There’s nothing that can immediately be done about this either.  In one ironic sense it is to be hoped that this right wing shower are actually motivated by careerism and not ideological fidelity to their rotten right wing politics.  If they are simply careerists they might understand that if they attempt to destroy Corbyn they will in all likelihood so damage their party that they would scupper their own careers as well.

In contrast the great strength of the Corbyn phenomenon, which put him where he is, is invisible, or invisible to the mass media anyway.  While appearing to recognise his mandate the media presents the world from ‘the Westminster bubble’, the same bubble it claims everyone else is outside of, although not apparently themselves.

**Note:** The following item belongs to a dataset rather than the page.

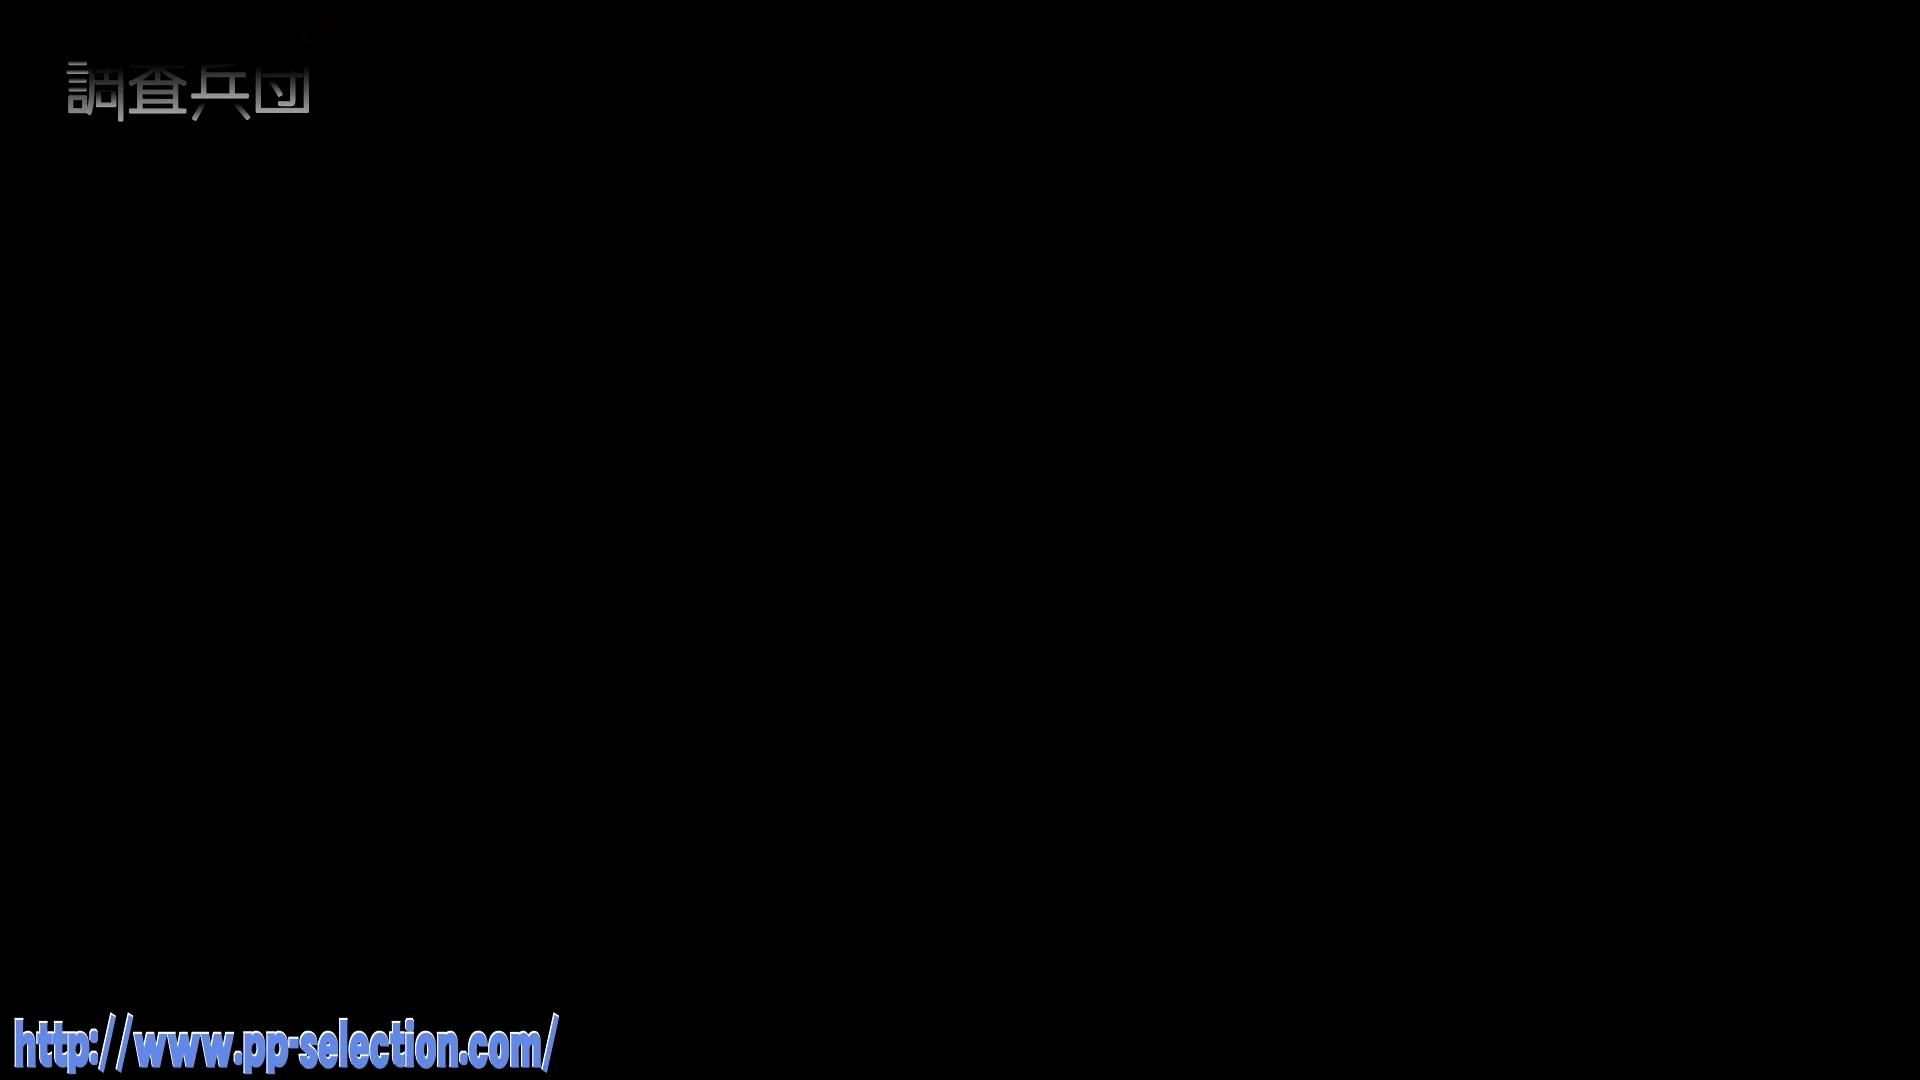 ~反撃の悪戯~vol.34 何にも知らないアニヲタの子【後編】 OLの実態 | 反撃の悪戯  95pic 23

Even in the case of John McDonnell’s apology on ‘Question Time’, the reporter in the local BBC Northern Ireland news noted that his apology seemed to go down well with the audience.

This support will be tested and its cohesion and growth depends not so much on Jeremy Corbyn himself but on what these people do.  In order to resist and fight the media as part of rebuilding the labour movement they must organise for this objective.  The arguments and political activism of hundreds of thousands will be the only effective response to a hostile media.

What Corbyn and McDonnell’s are now in a position to do is deliver political leadership, with arguments that can effectively galvanise, educate and rally their supporters.  Organisation of their support is the number one objective because only this support can convince the millions who can be won to their cause.

When it comes to the question of Ireland their position needs to be better.  The original political position of McDonnell arose because he put solidarity with the political leadership of the resistance to British rule before opposition to his own country’s oppression of Ireland.  And he did this at a time when this political leadership was surrendering its opposition.

So McDonnell claimed that armed struggle forced the British state to the negotiating table.  So it did, but once it got there this armed struggle showed how useless it was at getting anything from it.  It also showed that there wasn’t going to be any real negotiations unless the armed struggle stopped.  This is always the demand of the British and they get their way.  In fact it is more accurate to say that armed struggle gets them to the table which only becomes a negotiating table when they stop it.

But even in the recent ‘peace process’ this is to overstate its importance.  The Provos had to make significant political concessions before the British would get into substantive political talks, including accepting the supposed neutrality of the British state.  This is before we even consider the capitulation required before unionists would talk to them.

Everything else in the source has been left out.